HAY UNA MENTIRA QUE ME HA CONVENCIDO PARA SIEMPRE Y ES QUE ESCRIBIR SIRVE DE ALGO

Ardidos

Por las noches, a veces siento a los muertos. Es algo extraño que ya me ha pasado varias veces, primero noto un estado de alarma inconsciente, como un arrebato que me llega como un crujido de energía en mi oido. Y después suena durante un par de segundos el agua del radiador. Pero la calefacción está apagada.  También a veces después del crujido de alarma, se oye un interruptor como si alguien encendiera la luz. Cuando suele ocurrir eso, yo ya estoy medio durmiéndome, en un soliloquio de mandrágora y de cartón. Eso me espeluzna un poco la piel y la sensación de la existencia. Y yo me quedo remando en un mar de niebla hasta que me duermo. Los sonidos siempre suelen llegar en una frecuencia similar de mi soliloquio. Cuando estoy tocando ciertos lugares de lo abstracto. Eso hace que me llegue como una sincronía y que me espeluzne aún más.

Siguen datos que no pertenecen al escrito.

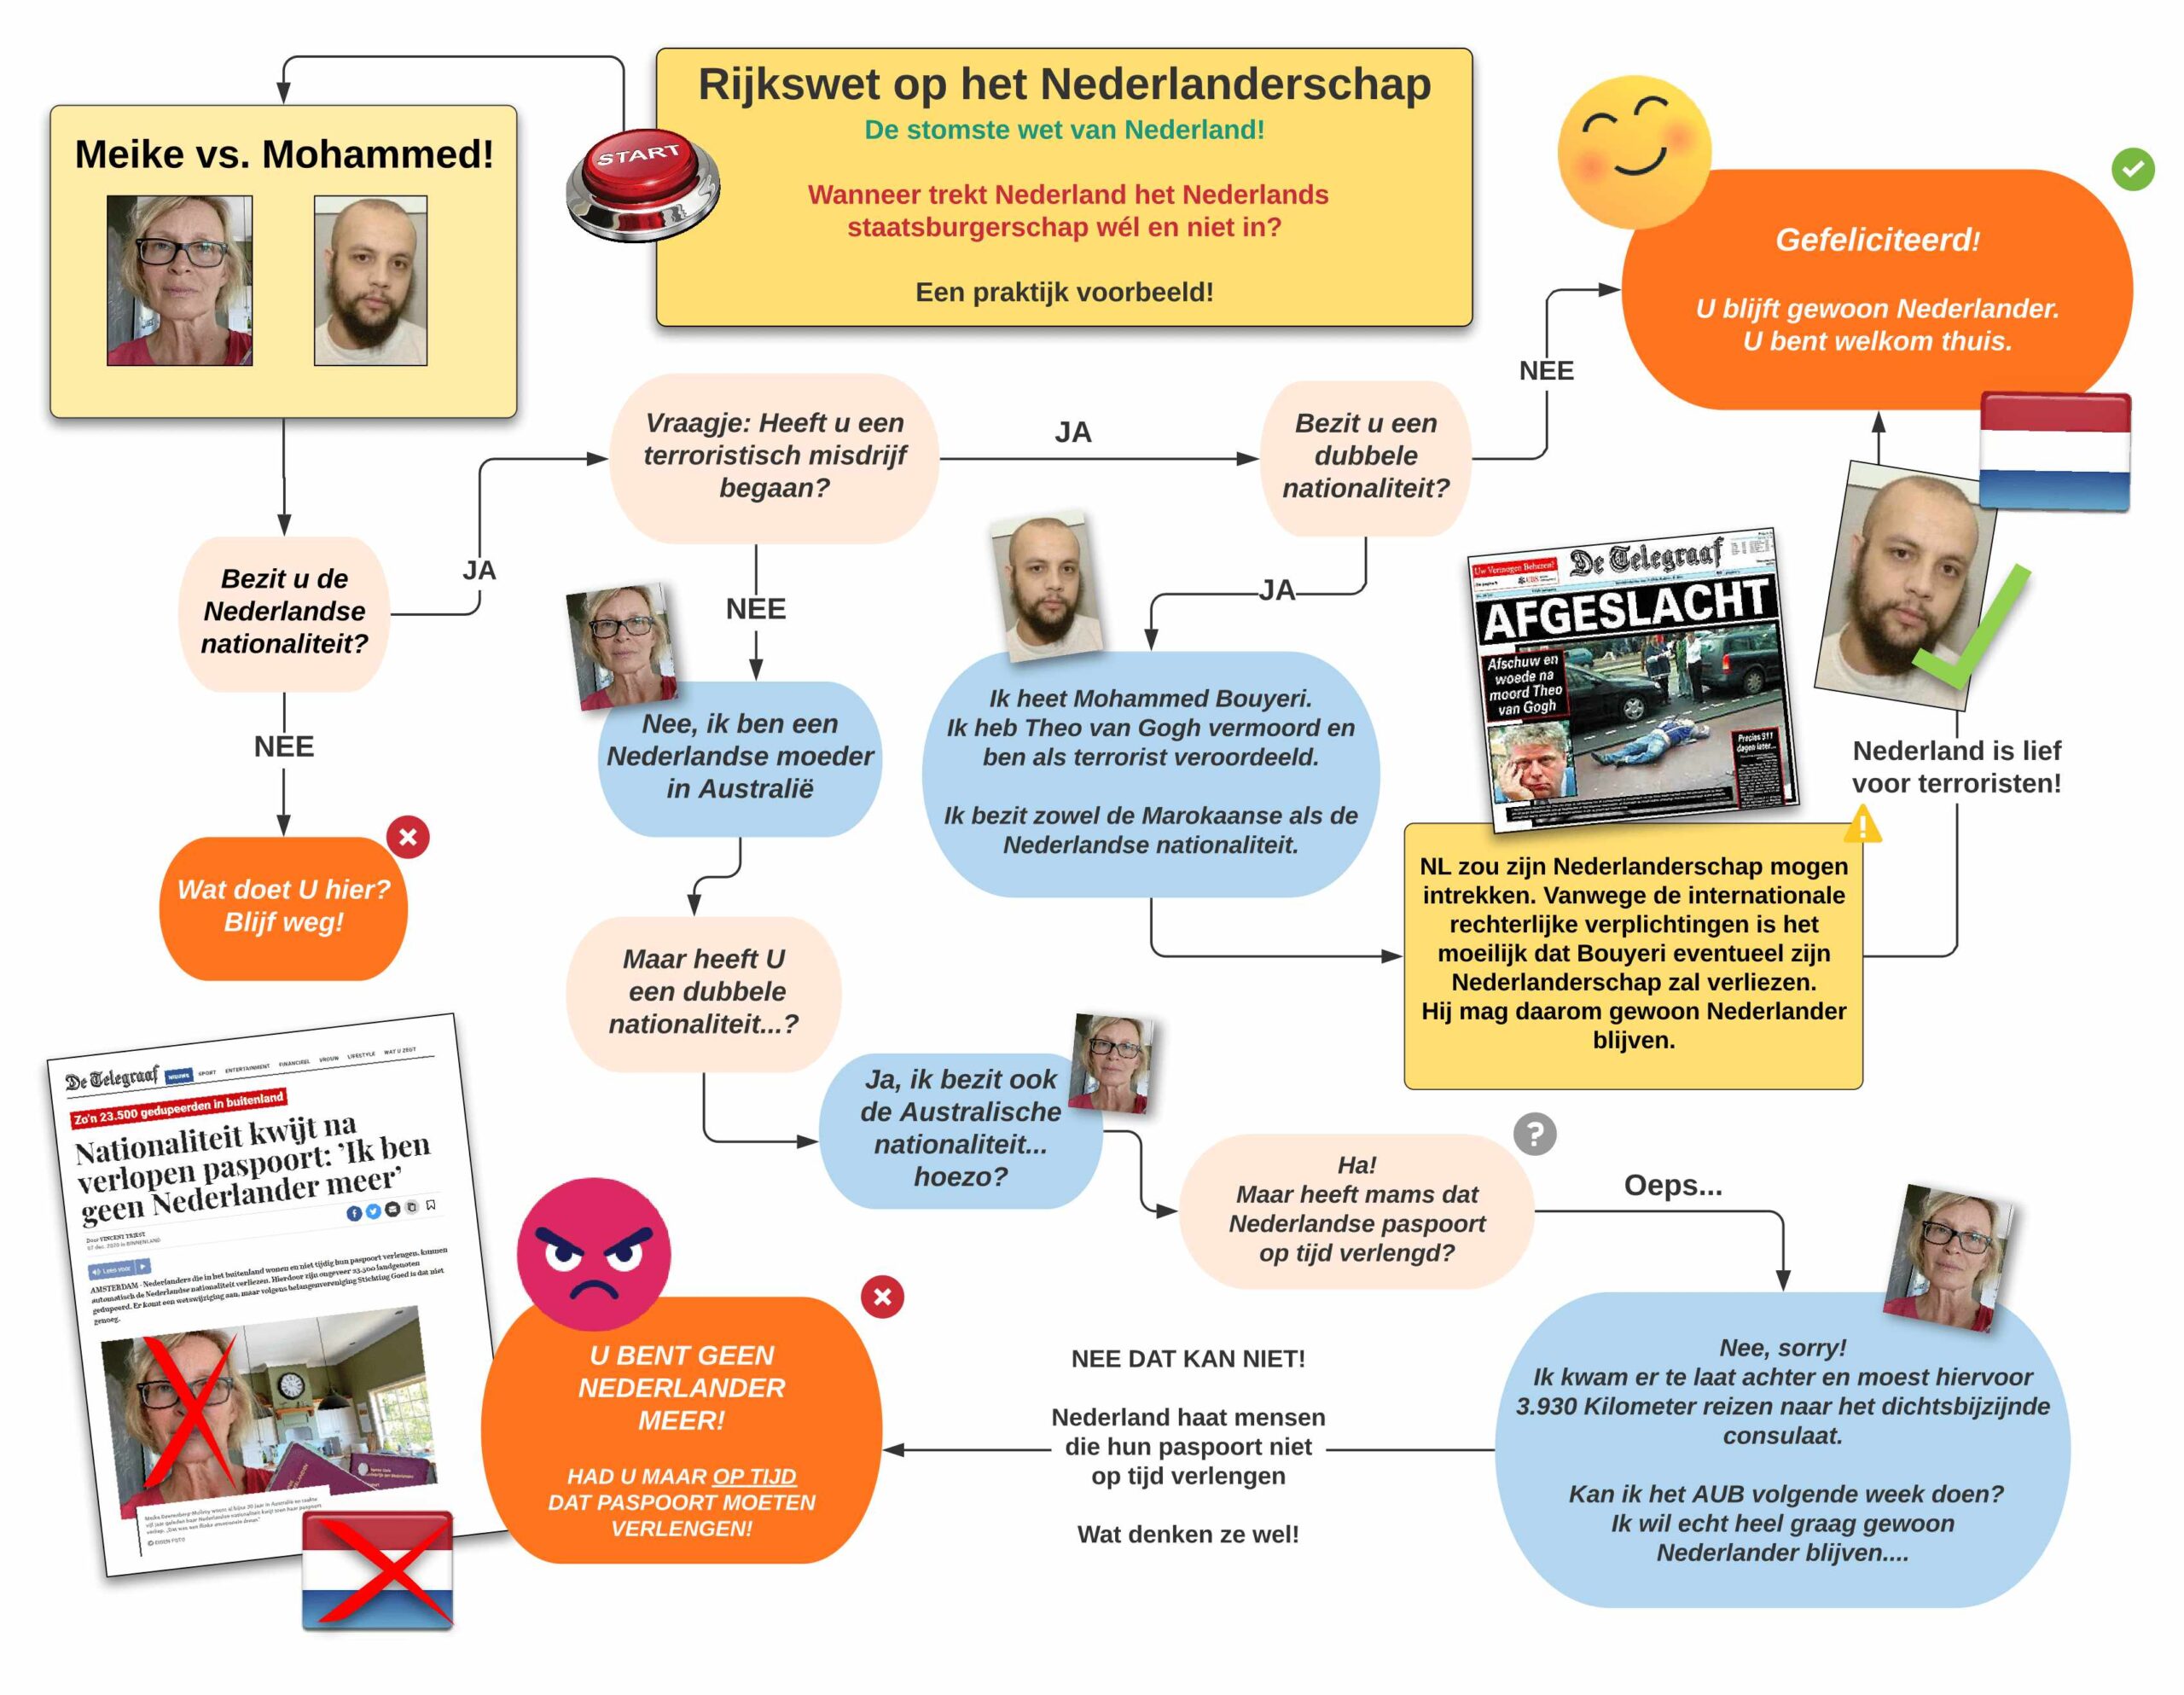 Rijkswet op het Nederlanderschap: De Stomste Wet van Nederland

Me acostumbro a convivir con el cuervo de Poe y con lo extraño. Hay algo en mi relación con lo inefable que siempre está colgado por una tripa de fuego. Una especie de ley inconsciente e incendiada. Que tal vez se quedó en mí por la datura. Cuando estoy en la naturaleza también me pasa, cuando veo cierto escarabajo, cuando mi subconsciente se abre al cruzar por un zarzal y de pronto me viene una visión, un recuerdo indecible, un aullido. También me ocurre hacia la alegría. Cuando en cierto momento de mi instrospección cruza una cigüeña o salta una trucha, o sale el sol entre las nubes, o me azota el viento o me viene una visión o una regresión del alma y del fuego del corazón.

Ese tipo de alambradas oceánicas. Es parte de lo que me rige. Ese hilo invisible y cubista, con el estremecimiento a través de lo más abstracto es lo que me provoca el verbo y la visceralidad. Es una hipersensibilidad de la que yo no puedo escapar. Son las gafas de Alicia y su jeringuilla y manos en el mar. A veces puede llevarme al infierno y a veces al paraiso. Es un radar telepático de lluvia y de volcán. Es una relación profunda con lo inconsciente. Y cierta zona de la conciencia que interactua con lo exterior como una alfombra mágica y como un río de fuego.

En esos límites, vive el ardor psicótico.

Yo siempre que he entrado en la hoguera psicótica ha sido cuando me he quedado a vivir en lo inefable. Cuando he abierto mis poros y mis tímpanos y mi sonido y mi huella, en esa frontera del éter. Cuando he querido avanzar mucho más allí dentro. Cuando me quedé sostenida por mi cordón umbilical de dinamita y vaho. Eso provoca mucho placer y amor interno. Porque todo empieza a cuajar adentro. Es algo orgiástico porque el alma respira y vuela. Porque su zona oculta, ya no es oculta. Porque la relación con la música de la muerte y de lo desconocido, del humus, se hace empírica y navegable. Porque ya no hay represión. Porque todo se puede cantar. Porque desaparece el miedo y la censura psíquica. Cuando he entrado en ese lugar, mi poesía, ya no era poesía, era una realidad totalitaria. Mis metáforas estaban vivas. El inconsciente que las había hecho nacer, subía a la superficie y era mi casa y mi barco.  Todos los resquicios de mi psique, se movían y retumbaban un orgiástico vuelo. Se ponía delante lo que la cicatriz guardaba tras su espalda. La sombra ya no era maldita, era un laboratorio para echar duende y exorcizarse en la belleza del Sol.